Certes, l’emploi d’agents contractuels n’est pas en soi une anomalie. Depuis 1946, le statut général de la fonction publique prévoit l’embauche d’agents non titulaires dans certains cas spécifiques : remplacement d’un titulaire en congé, vacance temporaire d’un emploi, besoins saisonniers ou occasionnels.
Il reste que les abus sont nombreux. Une étude récente de la direction générale de l’administration et de la fonction publique a montré que 45 % des non-titulaires employés dans la fonction publique d’État en 2003 y travaillaient encore en 2007, quatre ans après. Seulement un quart d’entre eux a changé de statut, essentiellement pour devenir titulaire. Une autre enquête a révélé qu’entre 6 % et 8 % des ingénieurs, techniciens, bibliothécaires et administratifs non titulaires ont une ancienneté supérieure à dix ans dans l’emploi précaire, qu’ils soient employés dans le cadre de CDD ou de vacations rémunérées à l’heure, au sein de l’enseignement supérieur et de la recherche publique.

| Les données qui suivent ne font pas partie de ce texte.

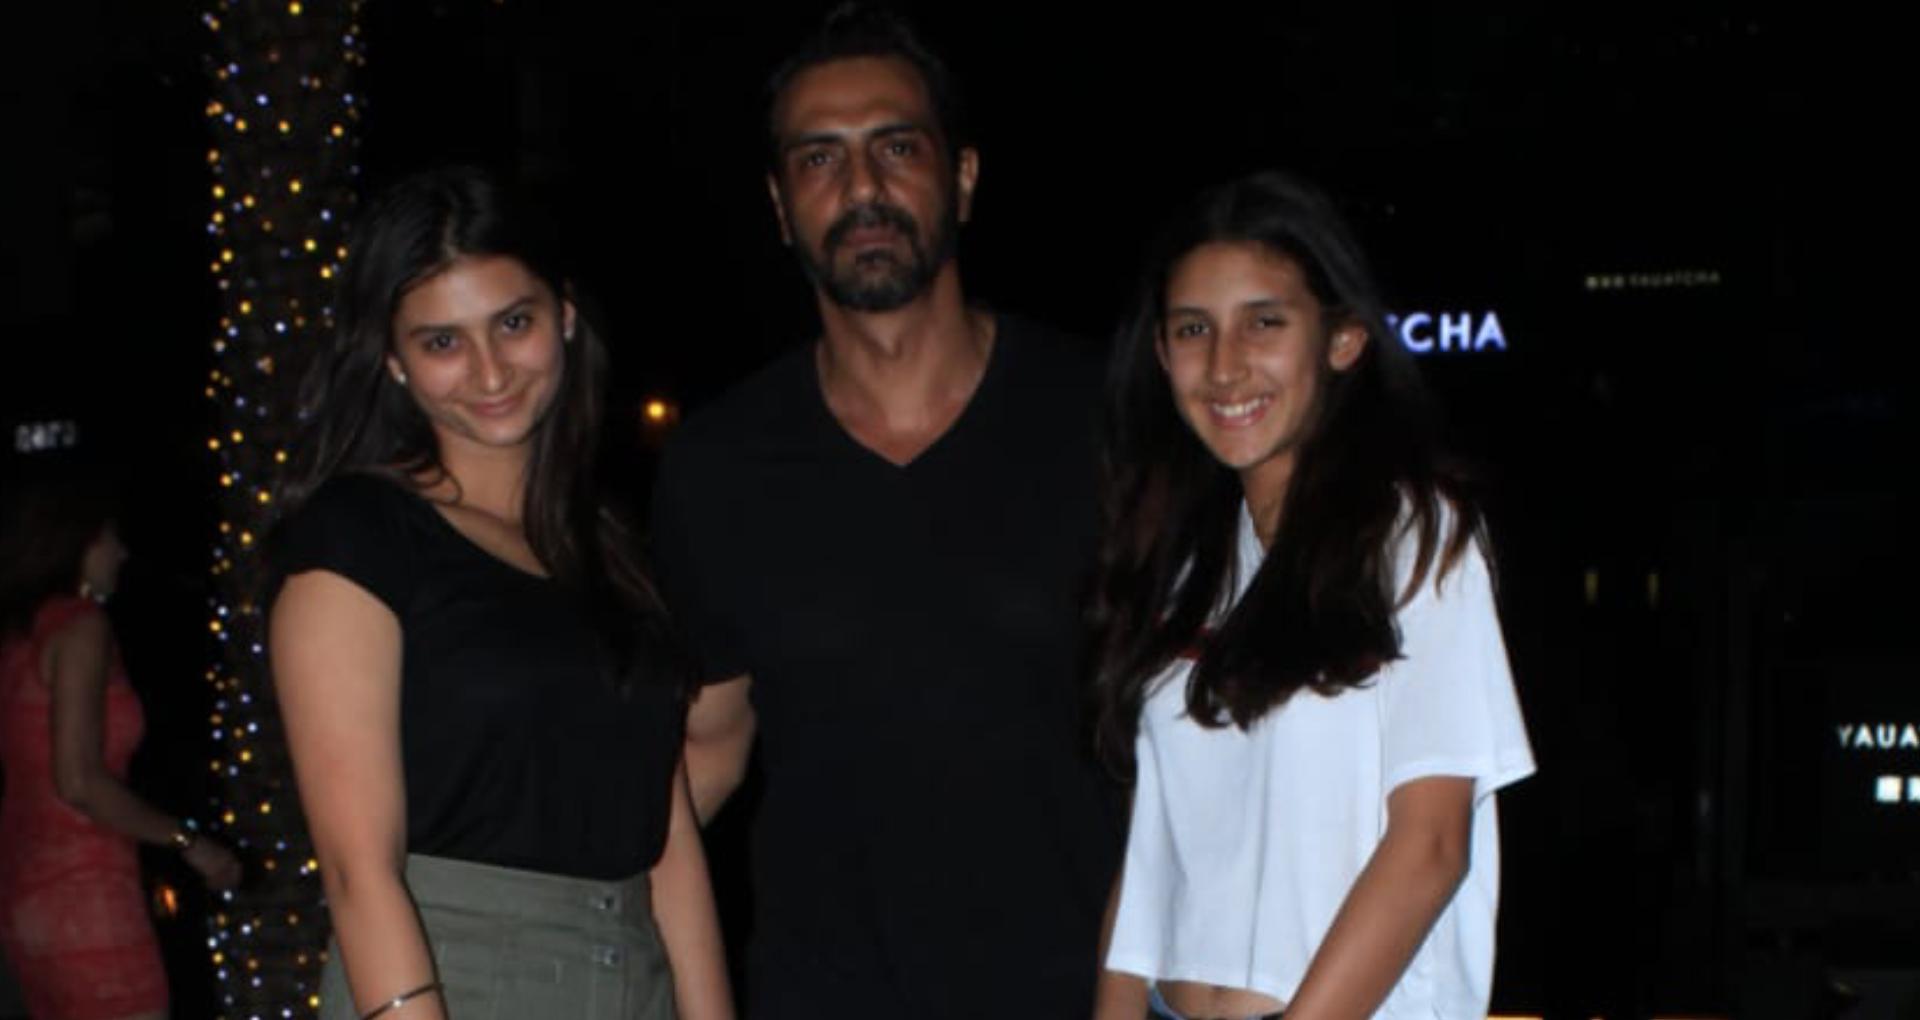 अर्जुन रामपाल अपनी बेटियों के साथ डिनर डेट पर आए नजर, बाप-बेटी के बीच कुछ यूं दिखा प्यार

Le protocole dont vous nous proposez ce soir la traduction législative est une étape dans la lutte contre la précarité dans la fonction publique. Il est le fruit d’une négociation engagée il y a deux ans par les organisations syndicales. Il propose des avancées attendues par ces personnels que le magazine Alternatives économiques qualifiait récemment de « galériens de la fonction publique ». Il permettra aux milliers d’agents concernés par le dispositif d’accès à l’emploi titulaire, comme à ceux dont le contrat sera requalifié en contrat à durée indéterminée, de bénéficier d’une sécurisation de leur parcours professionnel et de sortir durablement de la précarité qu’ils subissent souvent depuis des années.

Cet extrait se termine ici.